Oil Rises to $69 as Mideast Tension and Supply Cuts Offset Trade Concerns

Oil Rises to $69 as Mideast Tension and Supply Cuts Offset Trade Concerns
An oil tanker approaches to the new Jetty during the launch of the new $650 million oil facility in Fujairah, United Arab Emirates, on Sept. 21, 2016. (AP Photo/Kamran Jebreili)
Reuters
5/28/2019
Updated:
5/29/2019

LONDON—Oil rose to about $69 a barrel on May 27, supported by Middle East tensions and OPEC-led supply cuts, though concern over the U.S.-China trade dispute and global economy capped gains.

Supply cuts—both voluntary by the Organization of the Petroleum Exporting Countries (OPEC) and allies, plus those resulting from U.S. sanctions—have helped Brent crude, the global benchmark, rise by about 29 percent this year.

Brent was up 33 cents at $69.02 a barrel by 1334 GMT, having fallen by about 4.5 percent last week. U.S. West Texas Intermediate crude was down 30 cents at $58.33.

“The main factor preventing the market from going higher on the geopolitical news is really the concern about the global economy,” said Petromatrix oil analyst Olivier Jakob.

Both crude contracts registered their biggest weekly price declines of the year last week. Public holidays in the United States and Britain on May 27 limited participation, keeping volumes low.

Tension between the United States and Iran, with Washington’s announcement on May 24 that it would deploy more troops to the Middle East, is supporting the market but some analysts said its impact could be limited.

“This move further increases tensions in the regions, but with the U.S. and UK markets closed today and most of the geopolitical tension likely already priced into the market, effects on crude prices may remain subdued,” JBC Energy said in a report.

Nonetheless, concern about the global economy weighed. Figures on Monday showed that profits for Chinese industrial companies shrank in April while new orders for U.S.-made capital goods fell more than expected.

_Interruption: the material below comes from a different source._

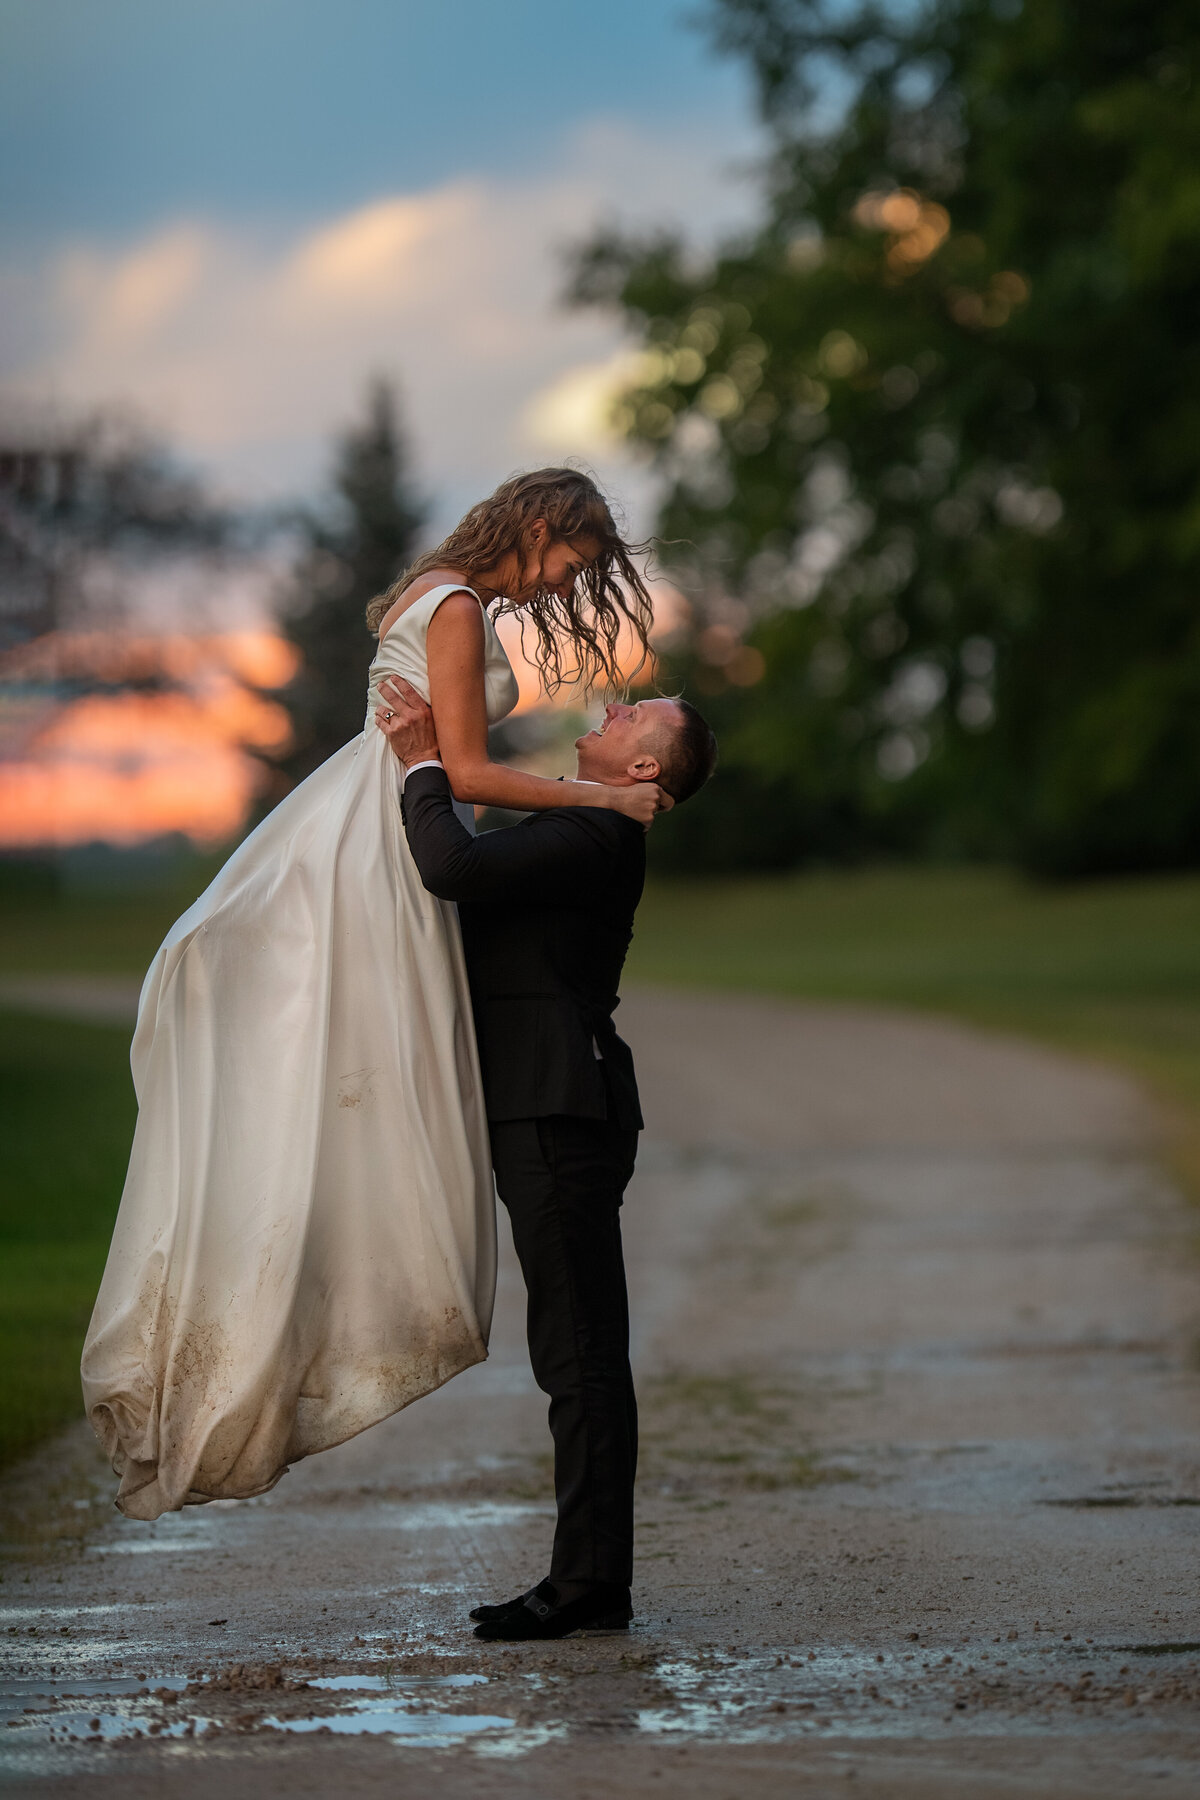 Happy newlyweds having fun in the rain on their wedding day during sunset
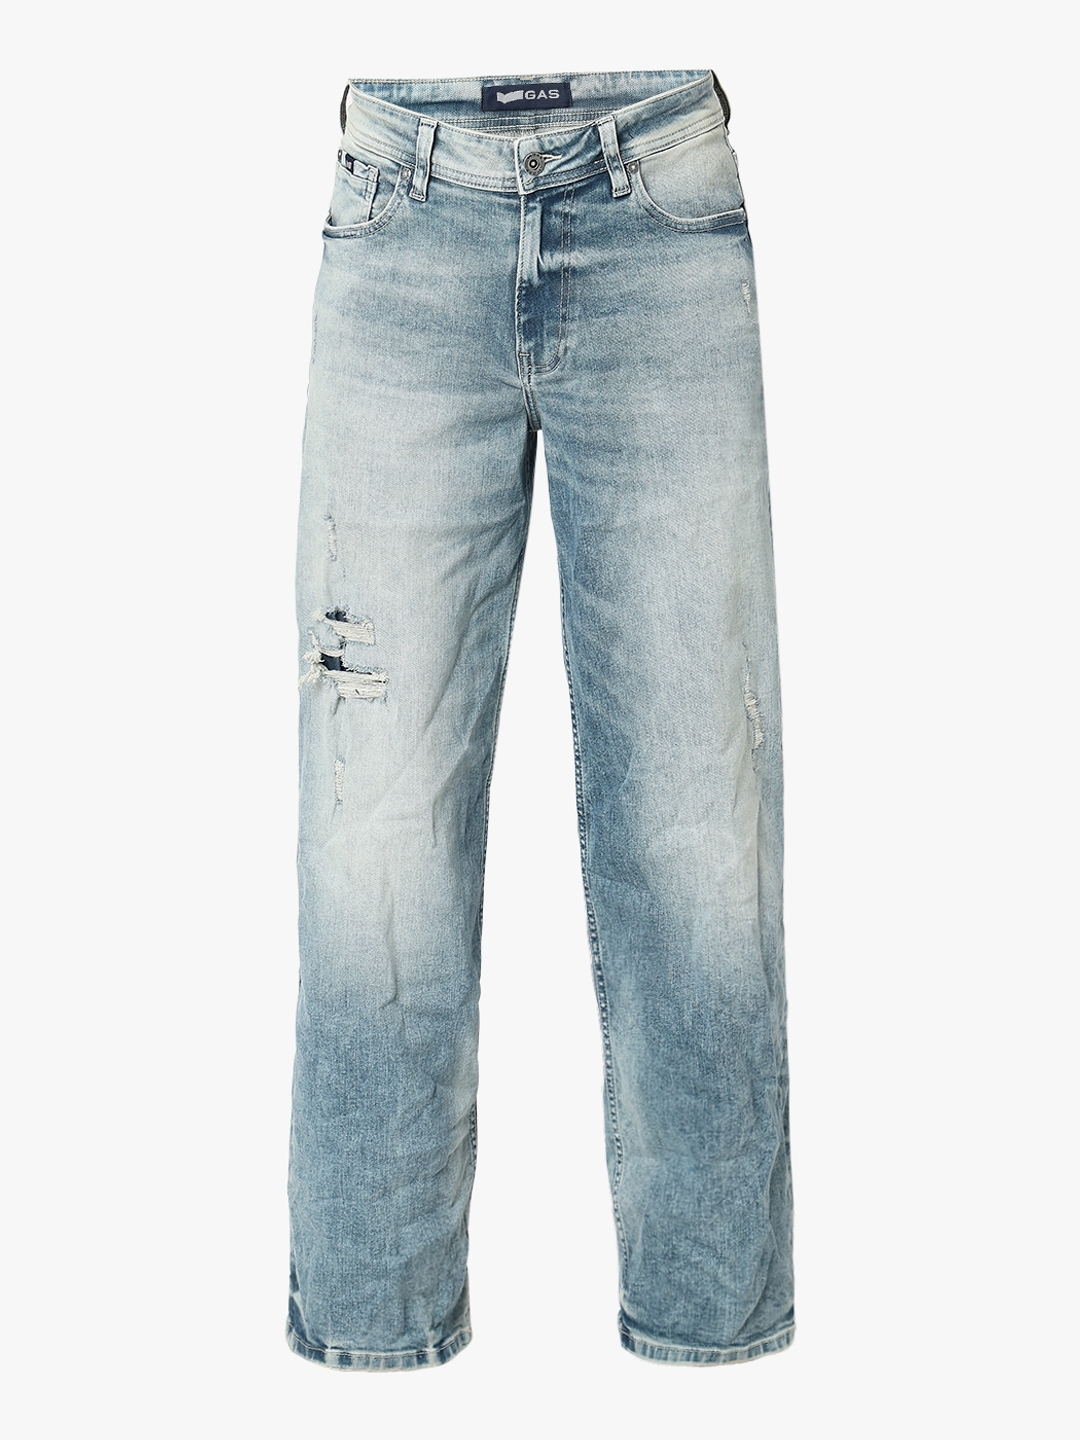 Jeans Gas Trousers - Buy Jeans Gas Trousers online in India

“The macroeconomic outlook does not look good,” Jakob said.

Money managers cut their net long U.S. crude futures and options positions—bets on rising prices—in the week to May 21, the U.S. Commodity Futures Trading Commission (CFTC) said on May 27.

In addition to the OPEC-led supply cuts, U.S. sanctions on OPEC members Iran and Venezuela have curbed their crude exports, reducing supplies further.

In comments suggesting OPEC isn’t in a rush to ease supply restraint ahead of a mid-year meeting to review policy, Kuwait’s oil minister said the market was expected to be in balance toward the end of 2019.

Brent’s price structure remains in backwardation, with prices for prompt delivery higher than those for future dispatch, suggesting a tight balance between supply and demand.